EXERCISE MATERIAL |

§ §

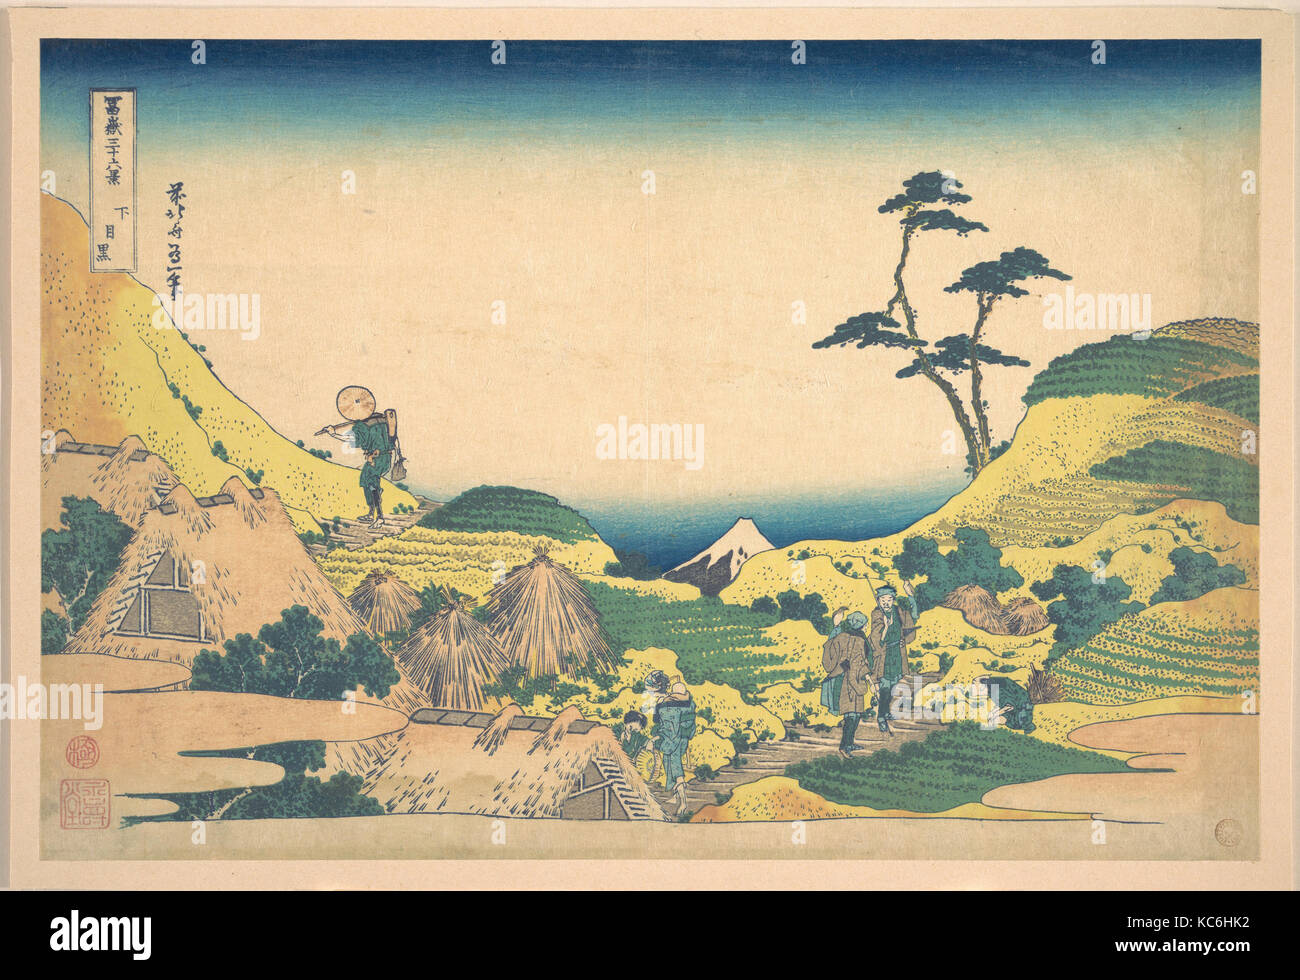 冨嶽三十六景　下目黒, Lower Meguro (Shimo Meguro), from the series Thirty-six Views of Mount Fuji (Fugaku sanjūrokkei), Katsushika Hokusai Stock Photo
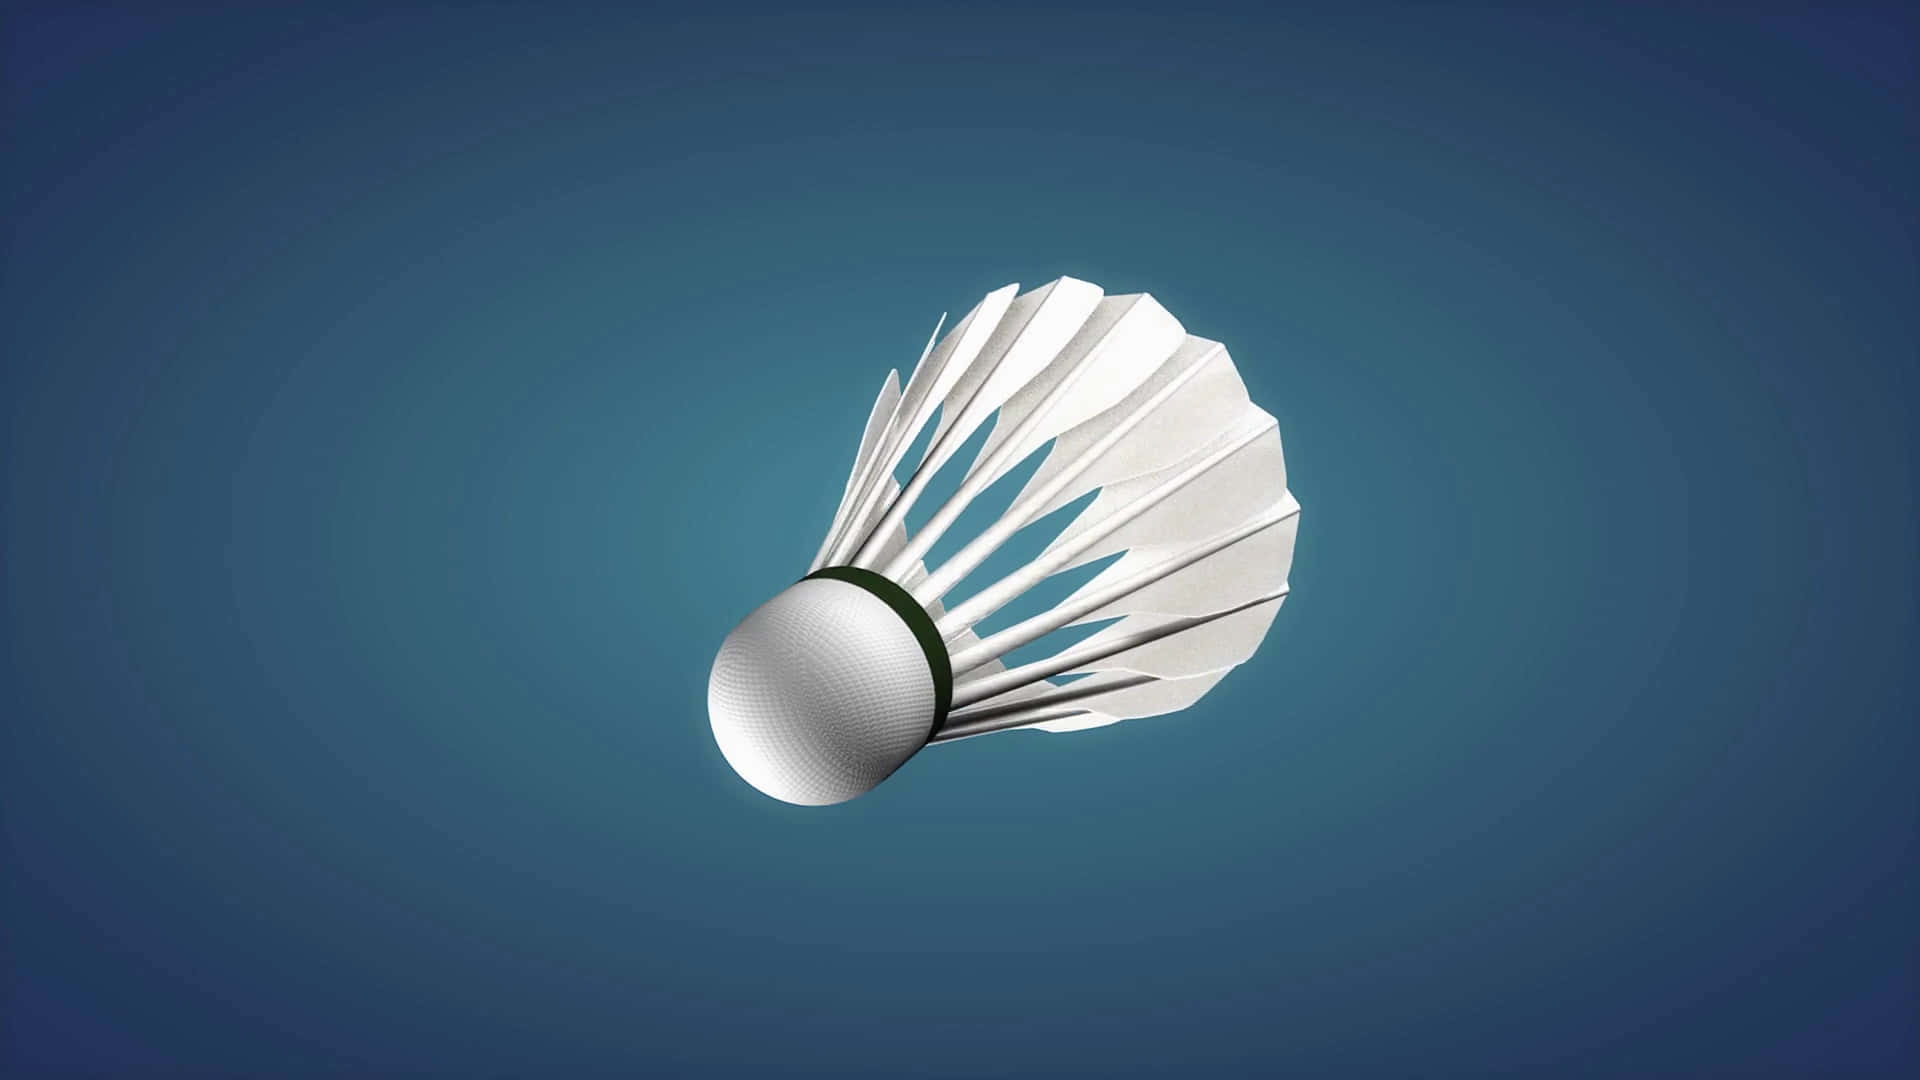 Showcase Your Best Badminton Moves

§ §

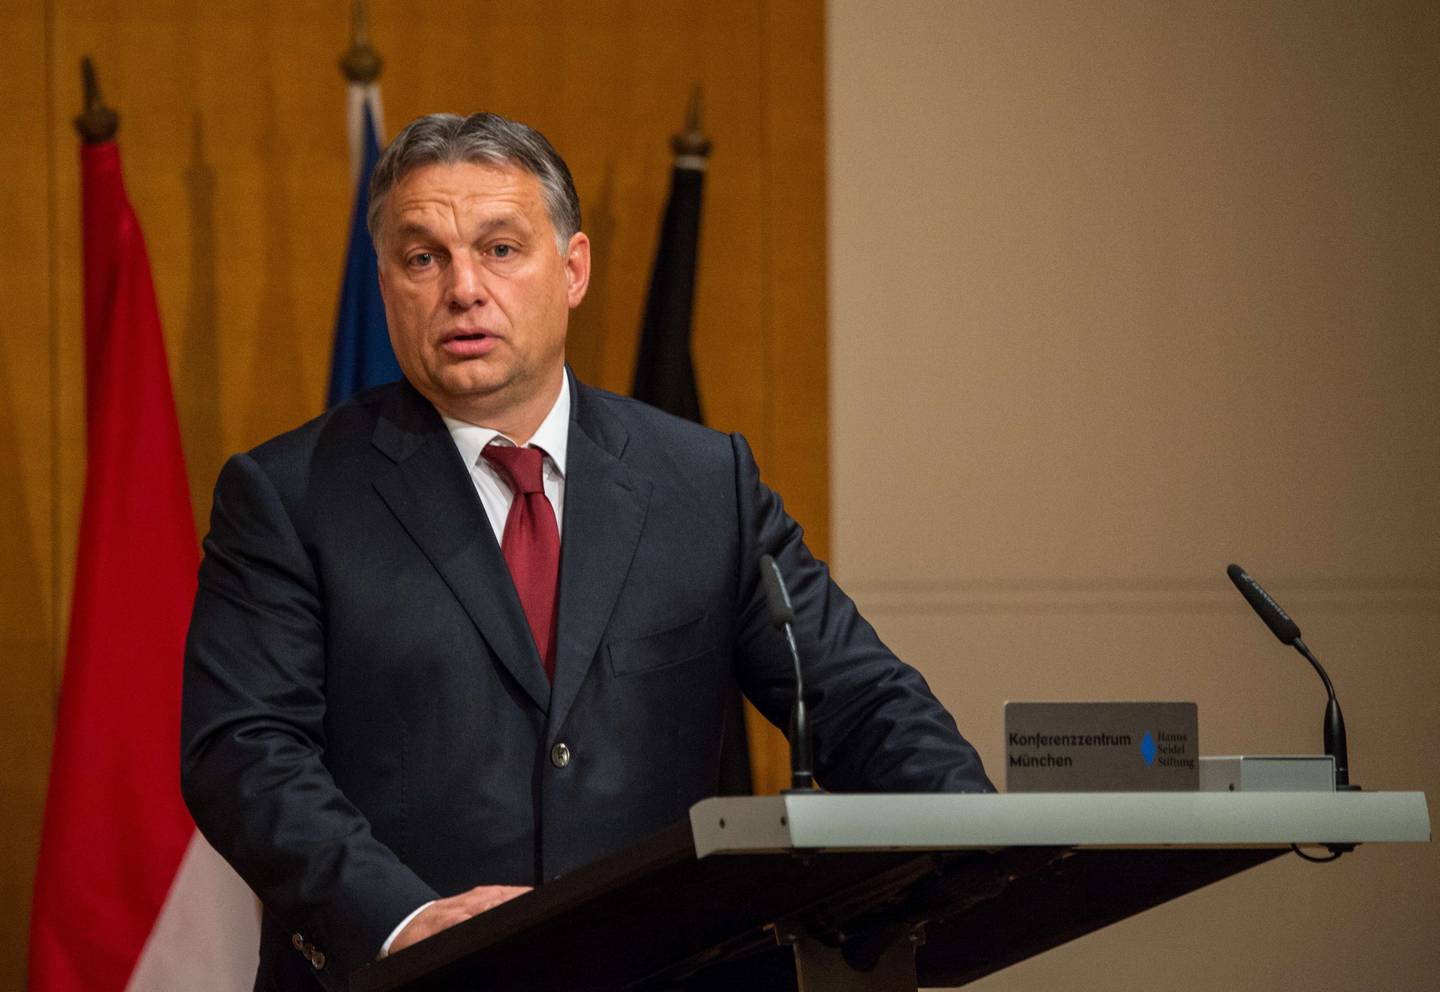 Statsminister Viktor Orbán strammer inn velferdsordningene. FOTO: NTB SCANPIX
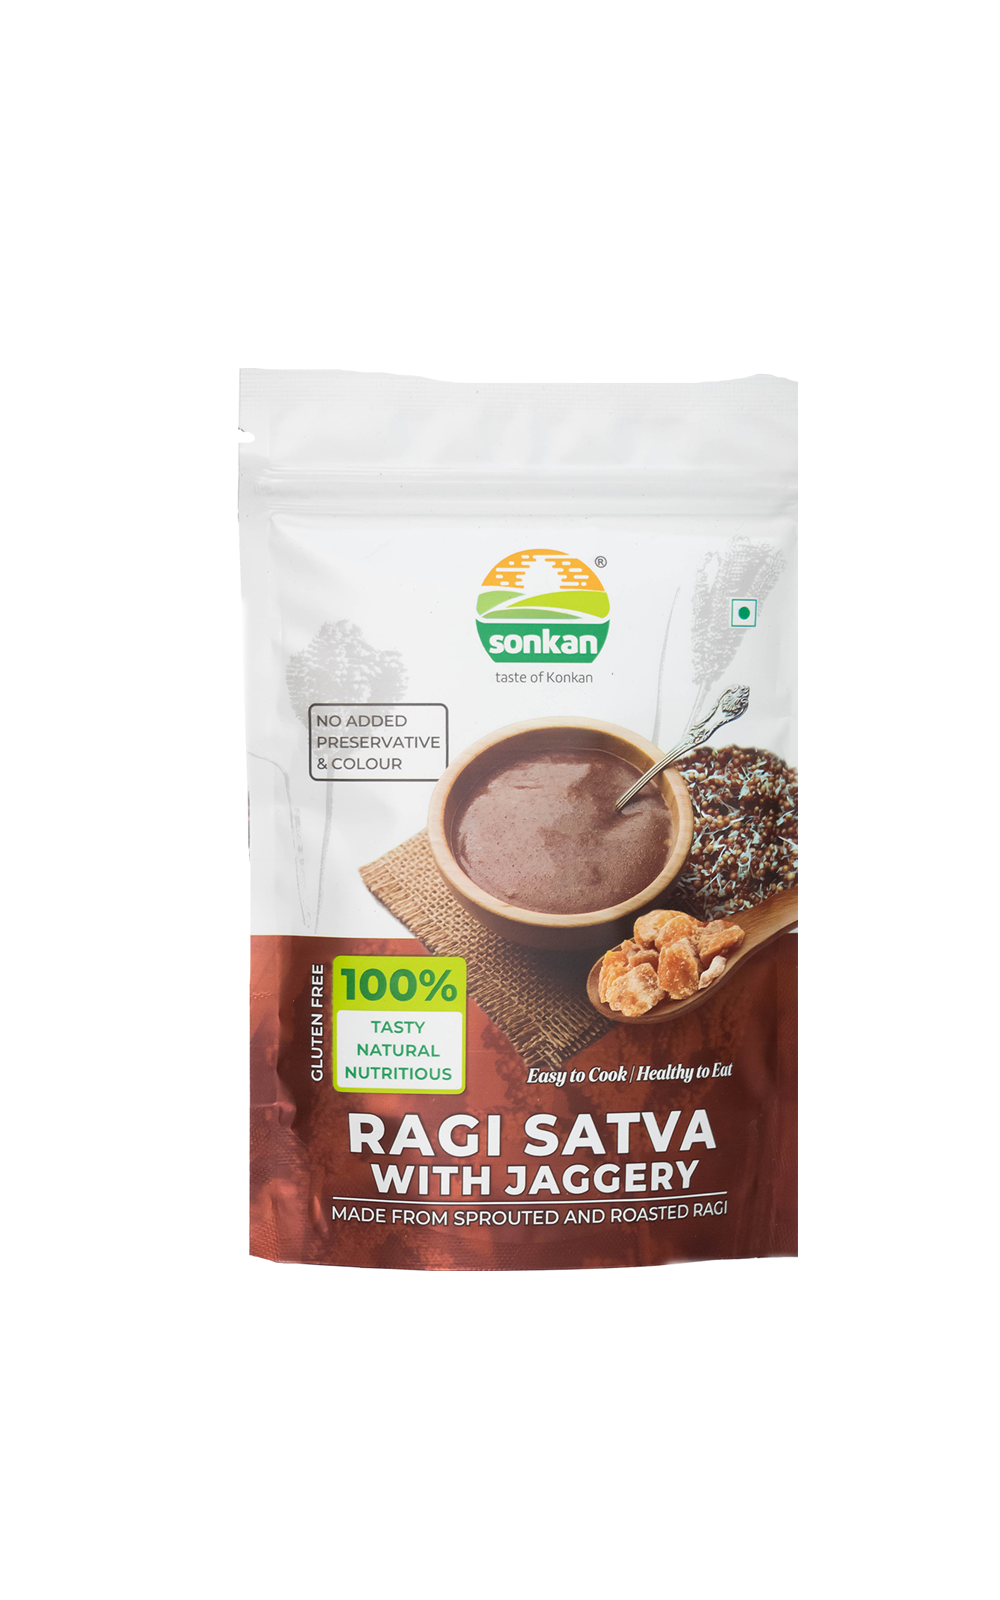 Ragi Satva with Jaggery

§ §

DIRECTIONS | Copy needed, without pictures: the lines of the listing above from the line containing "冨嶽三十六景　下目黒, Lower Meguro" up to and including the line containing "Showcase Your Best Badminton Moves", set down exactly.

FINISHED EXERCISE |
 冨嶽三十六景　下目黒, Lower Meguro (Shimo Meguro), from the series Thirty-six Views of Mount Fuji (Fugaku sanjūrokkei), Katsushika Hokusai Stock Photo
 Showcase Your Best Badminton Moves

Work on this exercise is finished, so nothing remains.